Commentary

Various political, geographical, financial and technical reasons have prevented the availability of water fluoridation to a large proportion of the world's population. The alternative approach of fluoridated salt was initiated in Switzerland in 1955. Successful community trials, World Health Organisation1 and FDI World Dental Federation recommendations; reconfirmation by the European Union of sodium and potassium fluoride as approved food additives; and adaption to local political, technological, and cultural environments, facilitated access to this approach for caries prevention. Salt fluoridation is identified by 12 countries in the Americas and 8 countries in Europe (estimate 250 million population), and several others have the product available.2

The aim of this meta-analysis was to assess the caries preventive effect of salt fluoridation in the permanent dentition in children. Although the inclusion and exclusion criteria were explicit, the reporting of this systematic review did not follow the recommendations from the PRISMA (Preferred Reporting Items for Systematic reviews and Meta-Analyses) Statement.3

The search strategy used to identify relevant studies cannot be considered as comprehensive because no controlled vocabulary was used in searching the electronic databases. During the literature search, two reviewers independently assessed the eligibility of abstracts. It is not clear whether study selection or data extraction was carried out independently or in duplicate.

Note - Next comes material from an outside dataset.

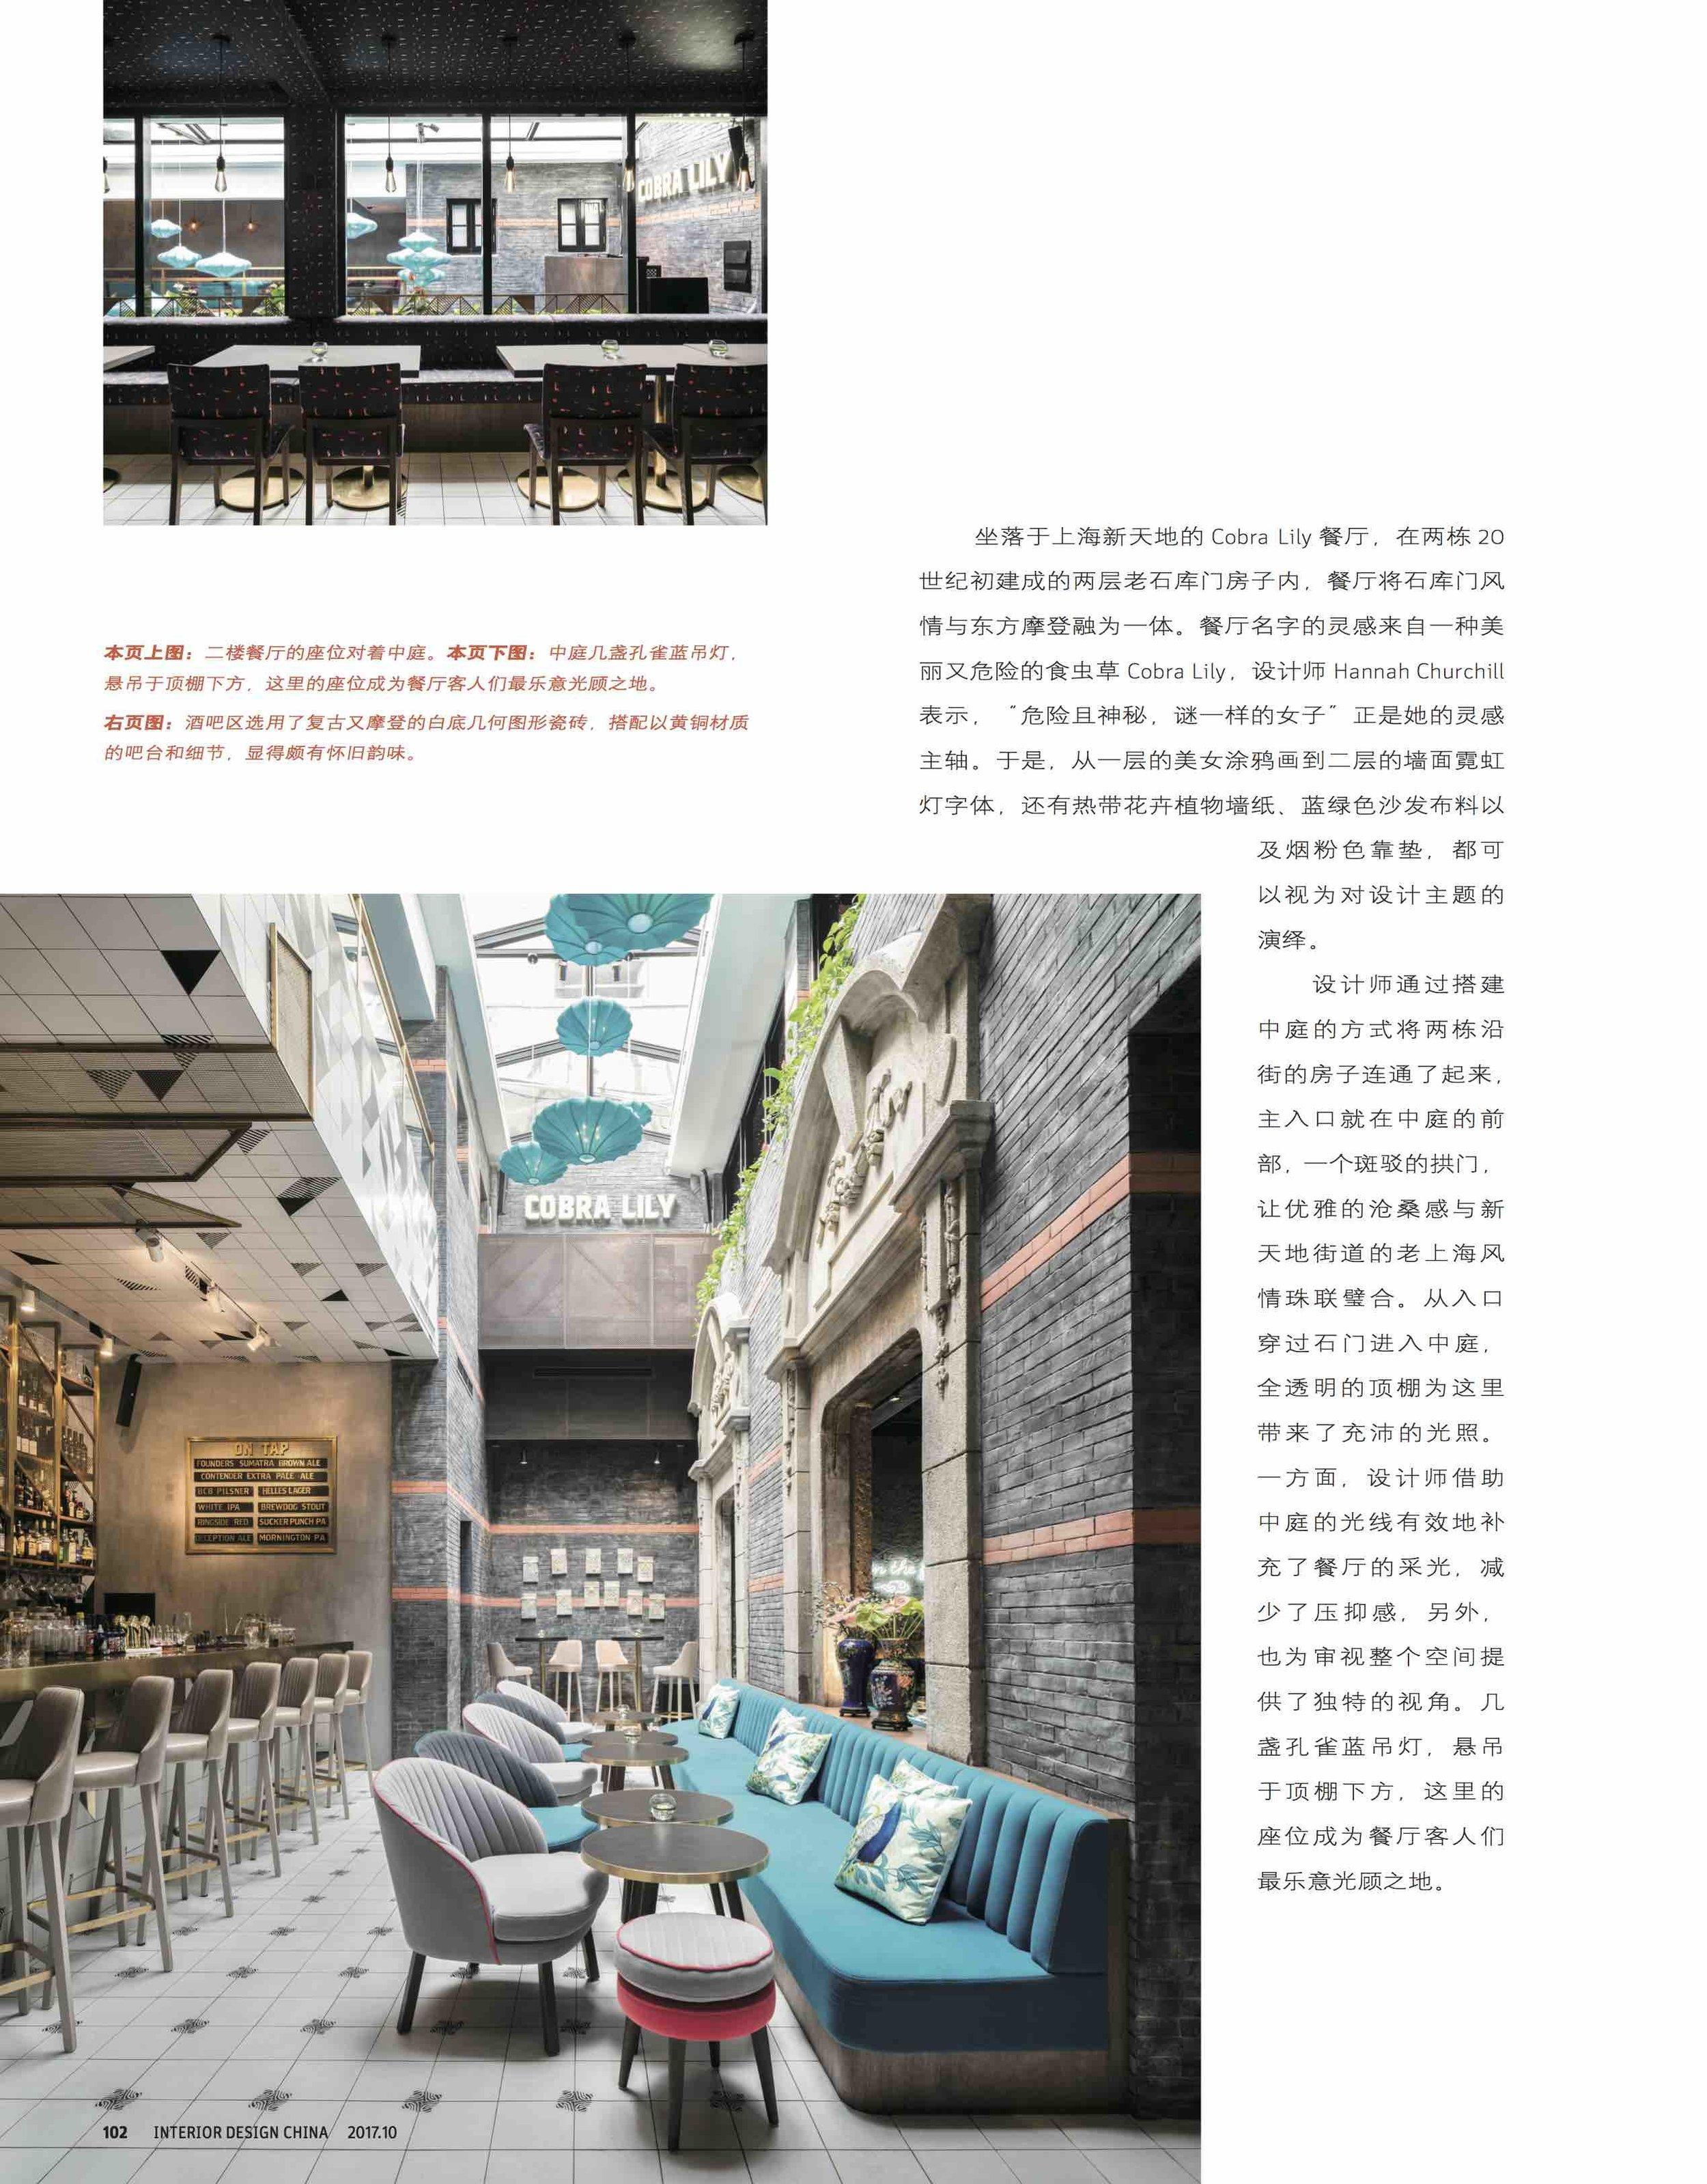 Interior Design China Oct 2017_Cobra Lily_3.jpg

Included studies were clearly laid out in table format and the level of evidence was rated using the hierarchy of evidence published in the fluoridation systematic review carried out by the Australian National Health and Medical Research Council (NHMRC).4 The inclusion criteria of these two systematic reviews are however different. This review has broadened the inclusion criteria to include studies which reported on cross-sectional caries status of specific age cohorts for whom historical controls could be obtained from other studies such as national oral health surveys. It should be noted that two comparative studies with concurrent controls5,6 were included in this systematic review; one of which5 had not been mentioned in the NHMRC review. The reason may be due to the fact that the study by Tóth5 was published in 1976, a year which was outside the search period (from 1996 onwards) of the NHMRC review.4 The other included study (with concurrent controls)6 was excluded from the NHMRC review4 because the cross-sectional data were not measured at multiple time-points.

Attempts were made to pool together data from included studies for different age cohorts by meta-analyses. The authors stated that there was significant statistical heterogeneity, which was related to the inconsistency in the size of the treatment effects and difference in sample sizes among the studies. It should also be noted that most included studies failed to provide information about demographic and other differences between the baseline and endpoint populations, and failed to adjust results for any differences and other potential contributing factors.

The authors of this review also conducted a systematic review of salt fluoridation in the primary dentition.7 Only two studies met the inclusion criteria. It was concluded that there were significant caries preventive effects as measured by improvements in dmft or dft scores. These findings cannot, however, be considered as conclusive due to the limited number of included studies in the review. It should be noted that in this young age group, there is reason to believe that fluoridated salt does not give a caries preventive effect due to the low salt diet.

One concern expressed is that promotion of dental benefits of fluoridated salt would be unacceptable and contradictory to public health messages that encourage the reduction of consumption of salt and thus decrease the risk of hypertension. Populations of countries where fluoridated salt is available are not encouraged to consume more salt to improve their dental health; rather, the “automatic” or passive effect of fluoridated salt is accepted. In other words, people do not need to change their usual behaviour to benefit. Indeed, reduced consumption of salt could and should be encouraged and, where this is successful, the concentration of fluoride in salt could simply be increased appropriately.8

Salt fluoridation has the potential to reach entire populations but a substantial part of the population may be using non-fluoridated salt depending on local legislation concerning the availability and usage of fluoridated and non-fluoridated salt. In order to obtain substantial public health benefits, it has been hypothesised that at least 75-85% of the population need to use fluoridated salt.9 To assist individuals or groups of stakeholders in the selection or prioritisation of various fluoride interventions at the community, regional or national level, Yee and Holmgren have developed a Fluoride Intervention Template, a decision making matrix or tool, which is available on www.dentaid.org/resources/fluorideintervantiontemplate.

Practice points

  • There are insufficient studies with good quality evidence examining the effects of salt fluoridation in preventing dental caries. The included studies, however, suggested that fluoridated salt was beneficial to children, especially their permanent dentition.